La guerre transforma le Proche-Orient en champ de propagande. Une profusion de tracts y furent édités et diffusés, faisant la fortune des imprimeries de Beyrouth. Sous le nom d’Imprimerie des Forces Françaises Libres fut créées une imprimerie à l’aide du matériel de l’imprimerie du Haut-Commissariat qui avait été expédié à Damas au début de la guerre. Installées les locaux du Grand Sérail, les machines furent réexpédiées en France en 1946.

L’imprimerie arménienne au Liban

Dès 1894, l’Imprimerie Catholique avait édité des catéchismes soit en arménien, soit en turc, en caractères arméniens. En 1912, l’évêque de Mardin, dota le couvent de Bzommar d’une presse avec caractères arméniens qui imprima diverses prières mais cette tentative n’eut pas de lendemain.

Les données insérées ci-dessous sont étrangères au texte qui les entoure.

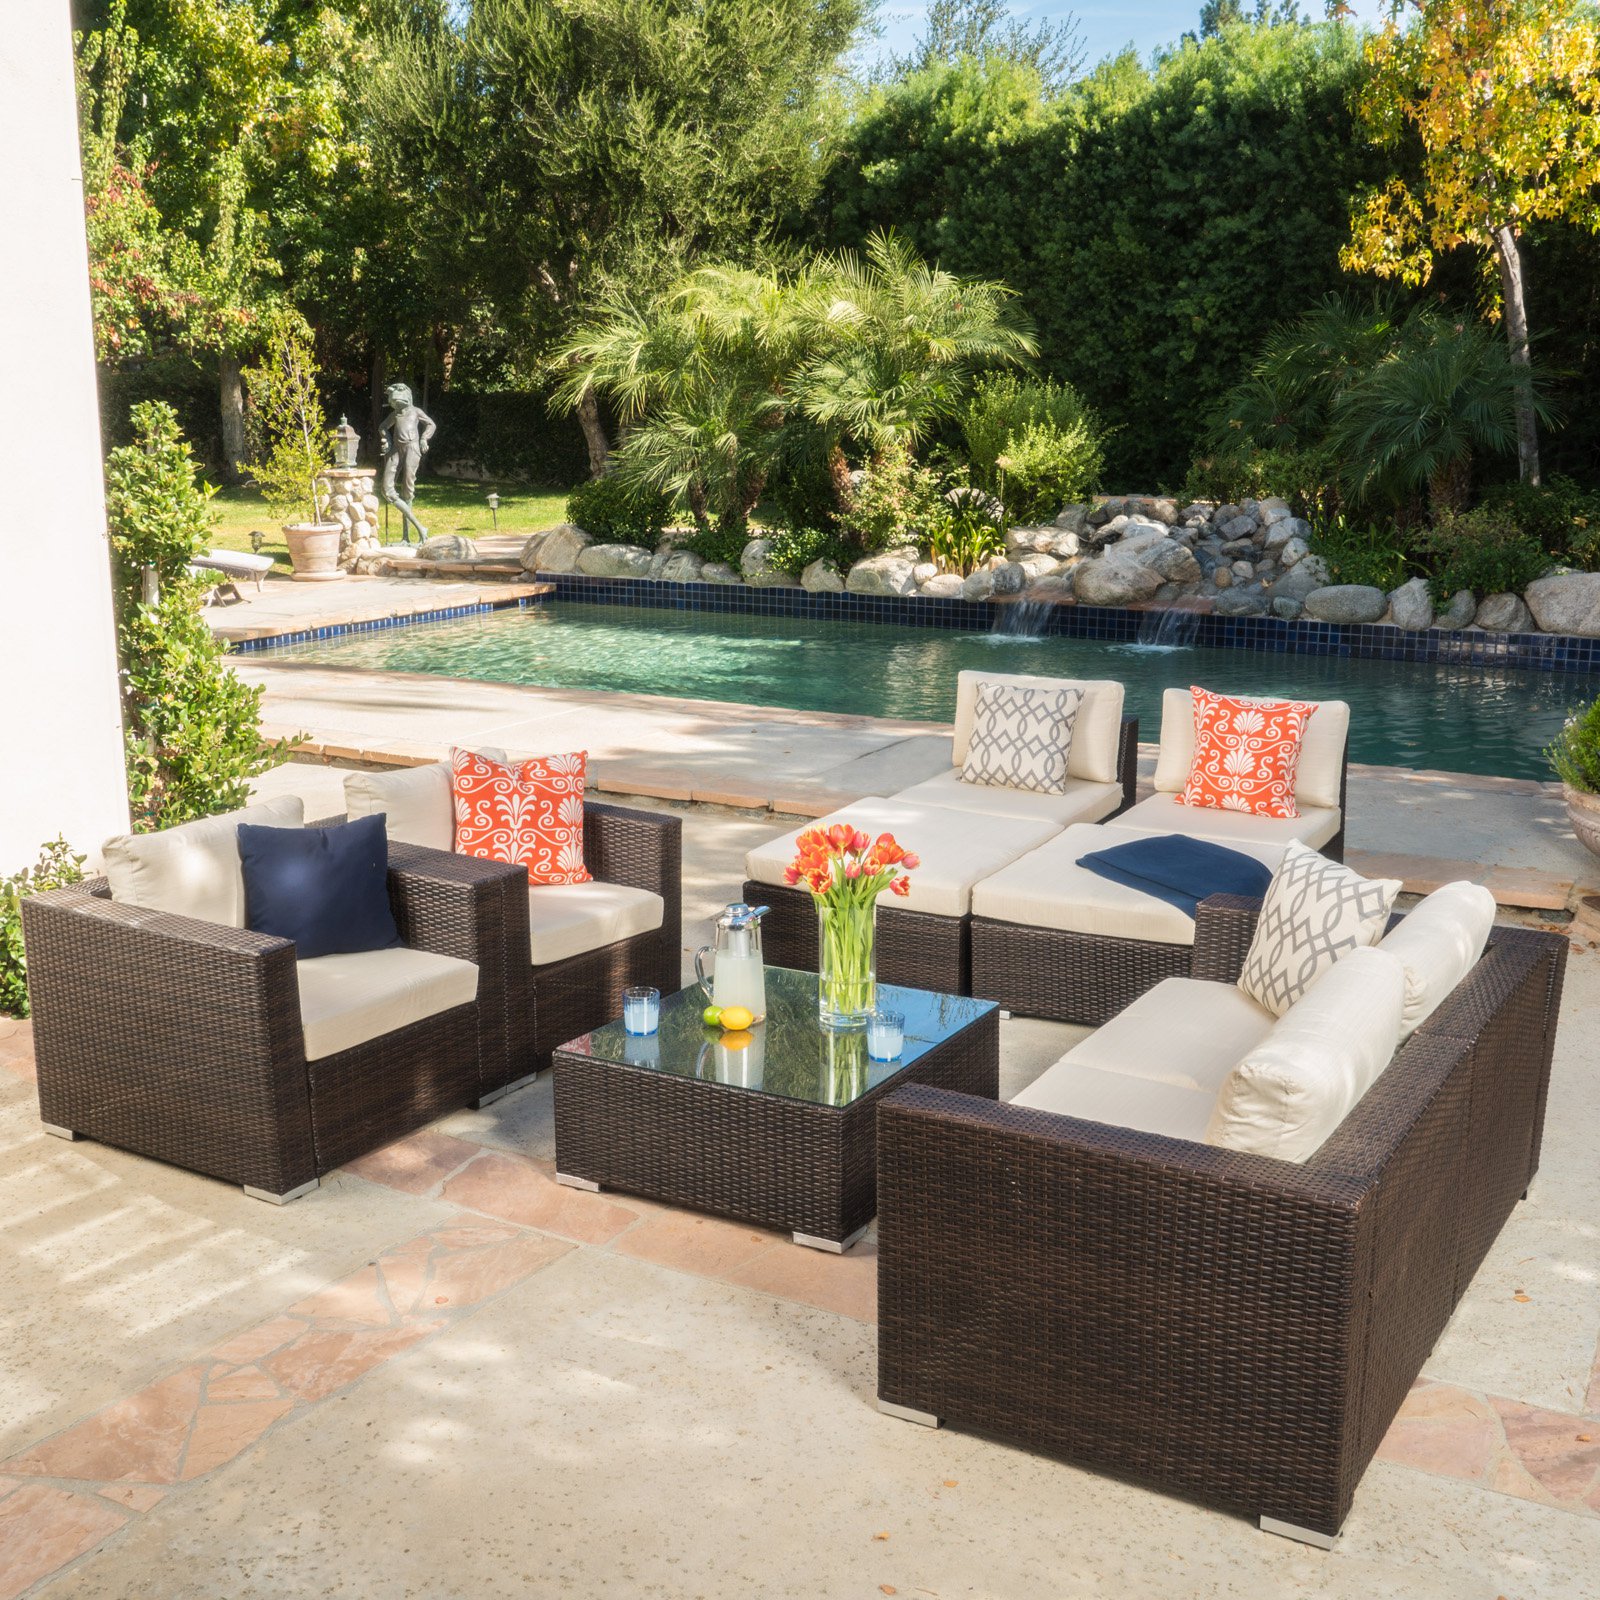 Francisco 9pc Outdoor Wicker Sectional Sofa Set with Cushions - image 1 of 9

Les évènements d’Arménie consécutifs à la guerre, et l’exode de Cilicie, obligèrent de nombreux Arméniens à émigrer. Nombre d’entre eux s’installèrent au Liban, de préférence dans les villes où ils reconstituèrent leur communauté. Des imprimeries furent créées qui étaient également équipées en caractères latins et arabes.

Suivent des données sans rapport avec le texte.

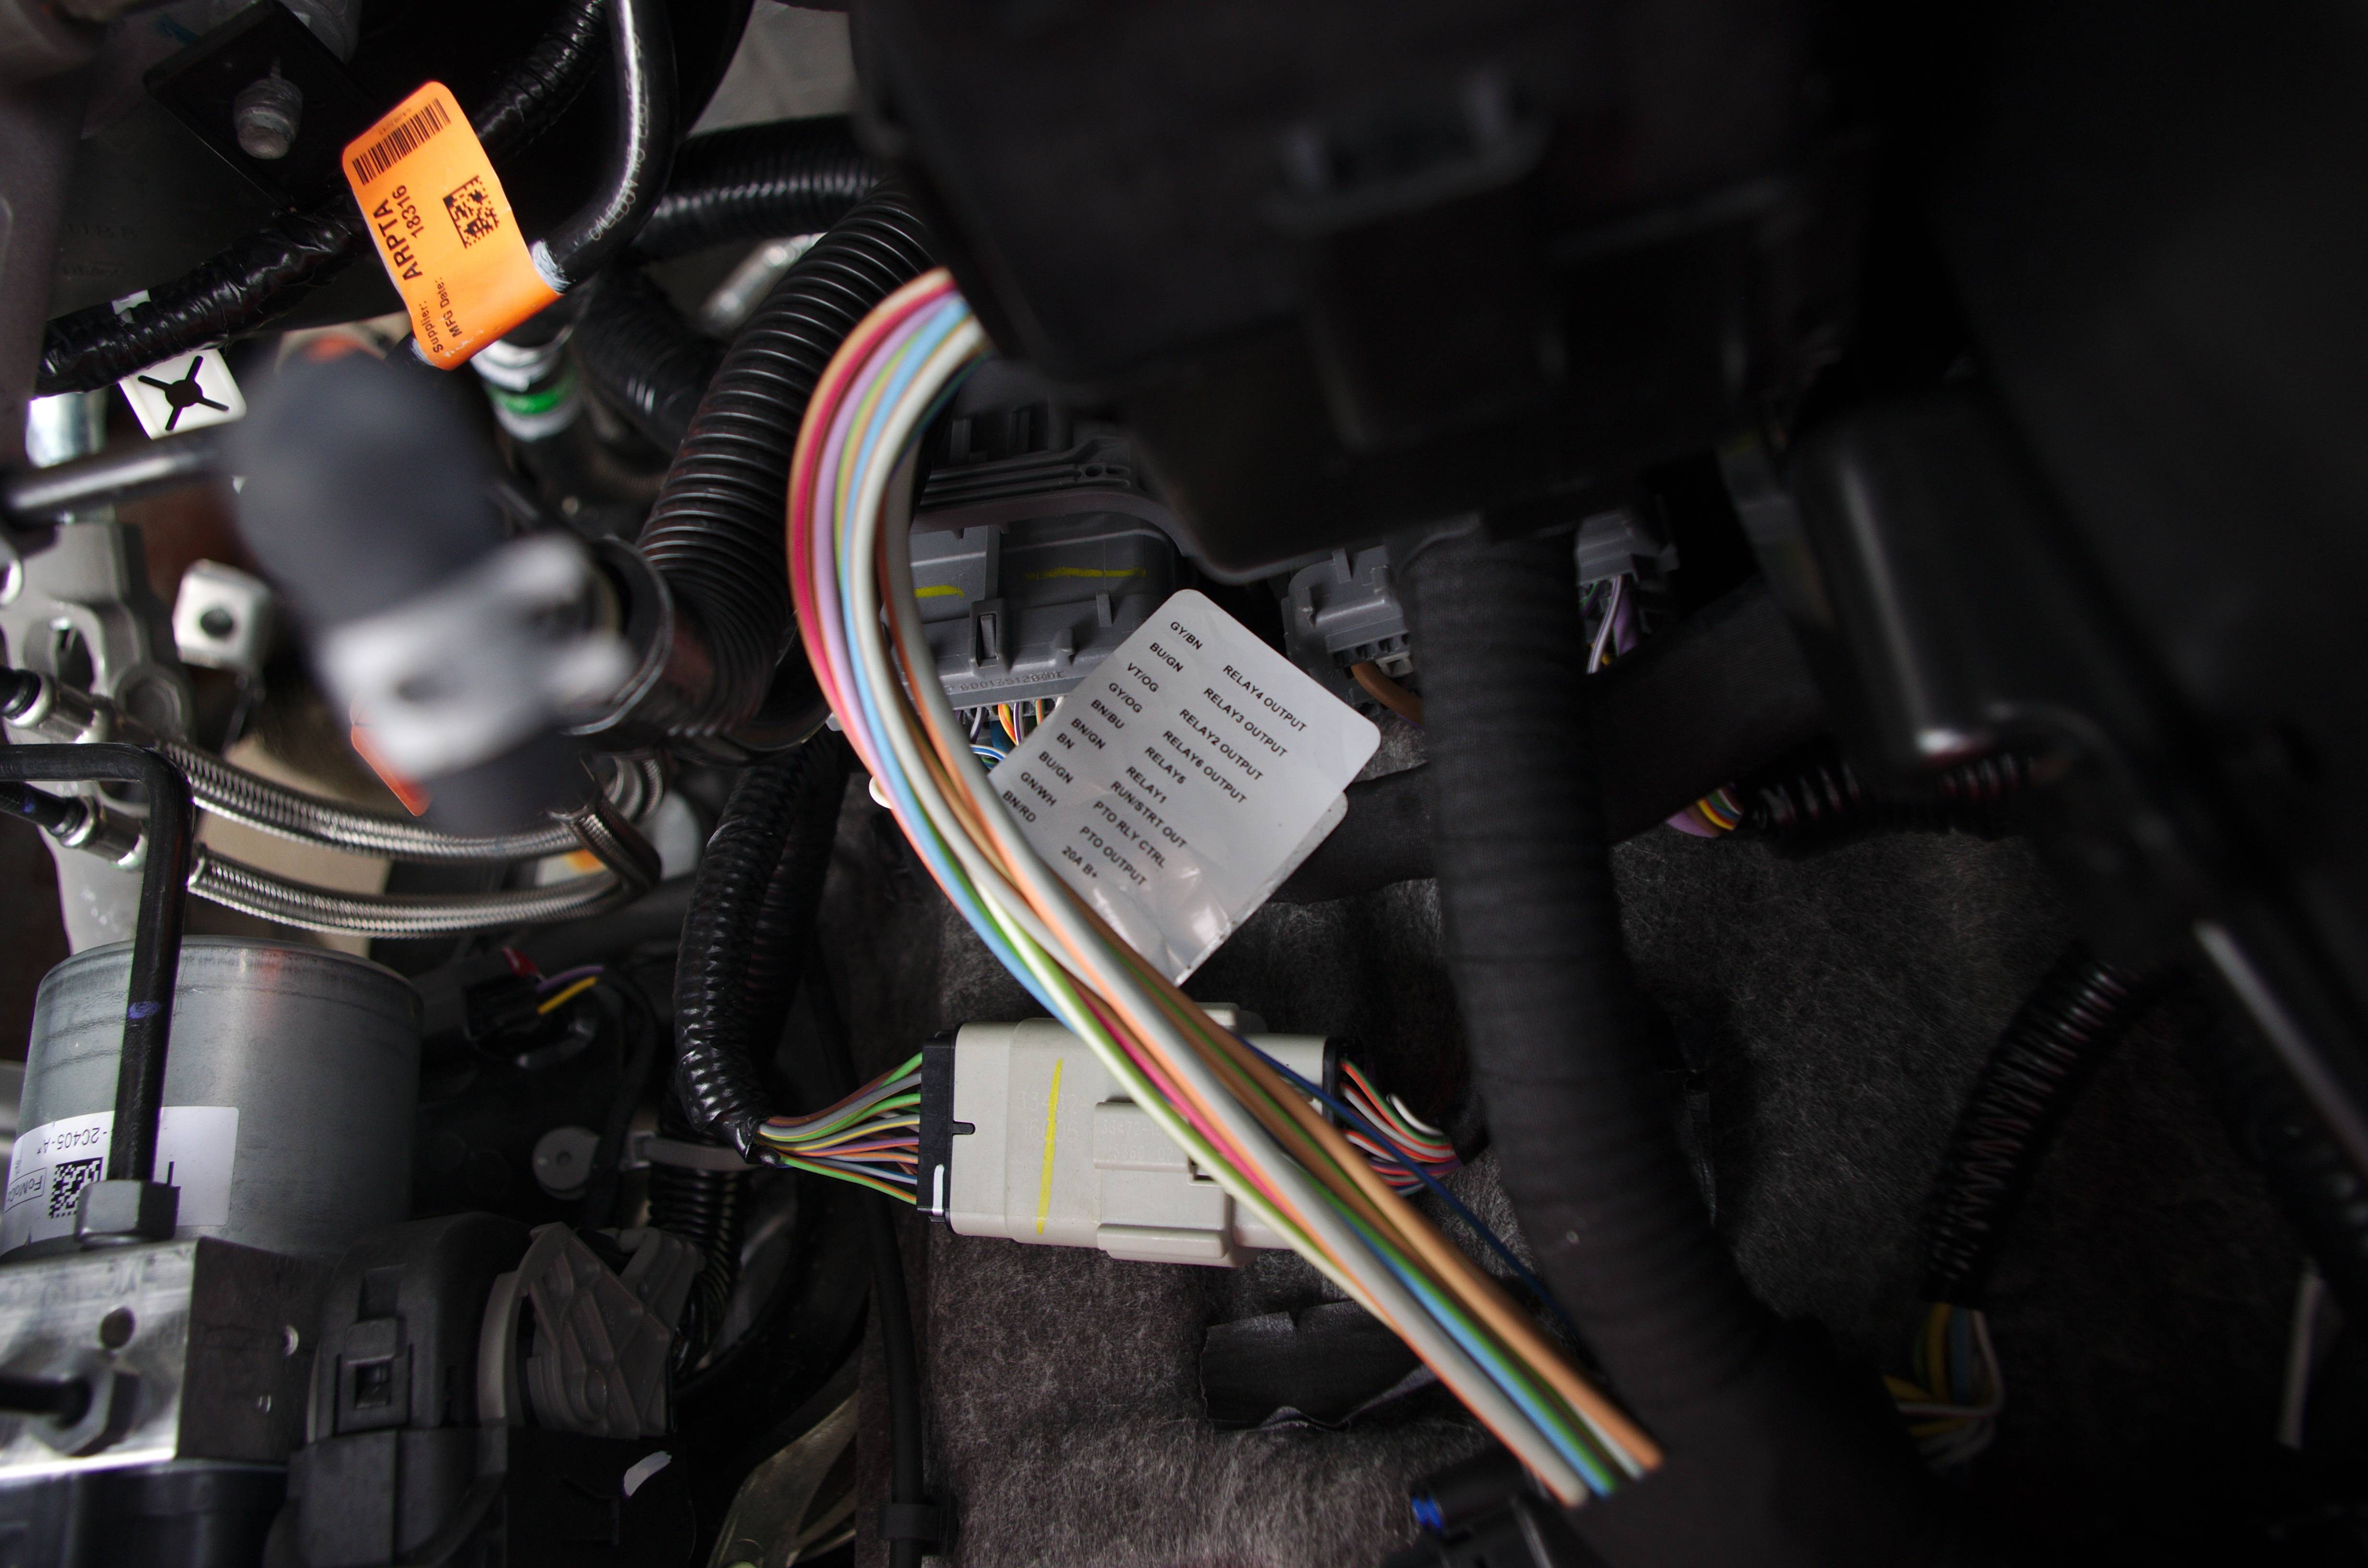 Ford Upfitter Switch Wiring Diagram 2011 Upfitter Switch Power Wires ford Truck Enthusiasts forums Of Ford Upfitter Switch Wiring Diagram 2011

A Antélias où résidait le Catholicos de Cilicie en exil, fut installé une presse achetée en Grèce que l’on équipa de caractères arméniens. L’Imprimerie du Catholicosat édita alors la revue Hask (épi) ainsi que des livres scolaires, religieux et historiques dont le plus important est l’Histoire des patriarches arméniens de Cilicie de 1441 à 1940.

Des imprimeries privées prospérèrent également. On peut ainsi citer celle de Wartan Kivorkian (1924), qui rachetée en 1936 par Sarkis Pakhditian donnera naissance à l’imprimerie Araz, l’imprimerie Taschgian (1924), l’imprimerie Nisan, l’imprimerie Uvezian spécialisée dans l’édition de musique arménienne, l’imprimerie Purad, l’imprimerie Dobalkian, etc. Sortent du lot de la vingtaine d’imprimeries arméniennes opérant au Liban dans la seconde moitié du XXème siècle, l’imprimerie Arax qui éditait des ouvrages protestants, la grande imprimerie Rotos fondée à Alep en 1934 qui disposait d’une filiale à Beyrouth ou encore l’imprimerie Aztag qui édita le premier quotidien arménien du Levant.